Step 1: Install Packages

We will:

Installs PostgreSQL and its contrib modules.
postgresql-server-dev-14 provides postgres.h, required for building pgvector.
Also installs compilers and libraries needed for the build.

bash

!apt-get update -qq
!apt-get install -y postgresql postgresql-contrib postgresql-server-dev-14 git make gcc libpq-dev

Step 2: Start PostgreSQL and Set Password

We will:

Starts the PostgreSQL service.
Sets a password for the postgres user.

bash

!service postgresql start
!sudo -u postgres psql -c "ALTER USER postgres PASSWORD 'password';"

Output:

Step 3: Build pgvector

Now we will:

Clone the official pgvector repository.
Compiles the extension from source using PostgreSQL dev headers.
Installs the built files into the PostgreSQL extension directory.

bash

!git clone https://github.com/pgvector/pgvector.git
%cd pgvector
!make
!make install
%cd /content

Step 4: Enable the pgvector Extension

We will start the PostgreSQL again to ensure the service is running and load the pgvector extension into the current Postgres instance.

bash

!service postgresql start
!sudo -u postgres psql -c "CREATE EXTENSION IF NOT EXISTS vector;"

Output:

Step 5: Create Table and Perform Similarity Query

Here we will:

Create a documents table with a vector column of dimension 3.
Inserts three example embeddings.
Uses the <-> operator to compute Euclidean distance between stored vectors and a query vector.
Orders results by distance to find the most similar entries.

bash

!sudo -u postgres psql -c "CREATE TABLE IF NOT EXISTS documents (id SERIAL PRIMARY KEY, content TEXT, embedding vector(3)); INSERT INTO documents (content, embedding) VALUES ('AI in healthcare', '[0.11, 0.45, 0.33]'), ('Machine learning', '[0.12, 0.44, 0.34]'), ('Cooking recipes', '[0.87, 0.13, 0.55]'); SELECT id, content, embedding <-> '[0.10,0.46,0.32]' AS distance FROM documents ORDER BY distance LIMIT 3;"

Output:

Step 6: Fix Authentication

PostgreSQL by default uses peer authentication, we’ll switch it to password authentication.

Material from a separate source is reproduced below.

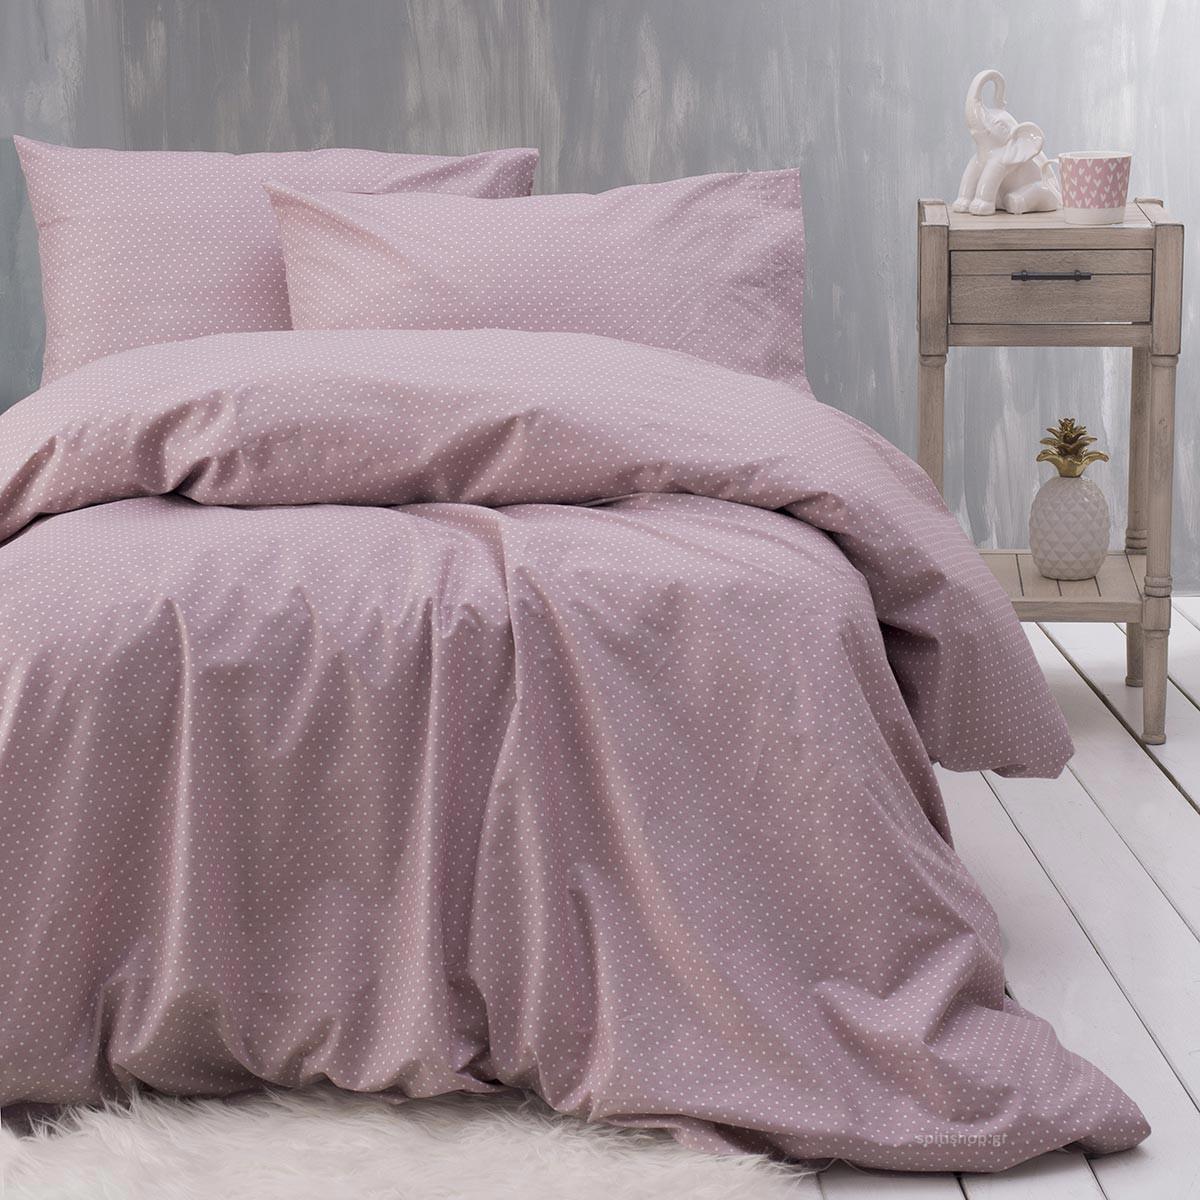 Κουβερλί Μονό (Σετ) Rythmos Symbol Dotty Pink

Edits pg_hba.conf to allow password-based access.
Restarts PostgreSQL to apply changes.
Resets the password for the postgres user for Python access.

bash

!sudo sed -i 's/local\s*all\s*postgres\s*peer/local all postgres md5/' /etc/postgresql/14/main/pg_hba.conf
!service postgresql restart
!sudo -u postgres psql -c "ALTER USER postgres WITH PASSWORD 'password';"

Output:

Step 7: Connect to PostgreSQL

We will connect to PostgreSQL in python:

Installs Python bindings for PostgreSQL and pgvector.
Connects securely using psycopg2.
Registers pgvector’s custom vector data type.
Performs a similarity search using a query embedding.

Python

!pip install psycopg2-binary pgvector


import psycopg2
from pgvector.psycopg2 import register_vector

conn = psycopg2.connect(
    "dbname=postgres user=postgres password=password host=localhost port=5432")
register_vector(conn)

cur = conn.cursor()
cur.execute(
    "SELECT id, content FROM documents ORDER BY embedding <-> %s LIMIT 2",
    ([0.10, 0.46, 0.32],)
)
print(cur.fetchall())

cur.close()
conn.close()

Output:

[(1, 'AI in healthcare'), (2, 'Machine learning')]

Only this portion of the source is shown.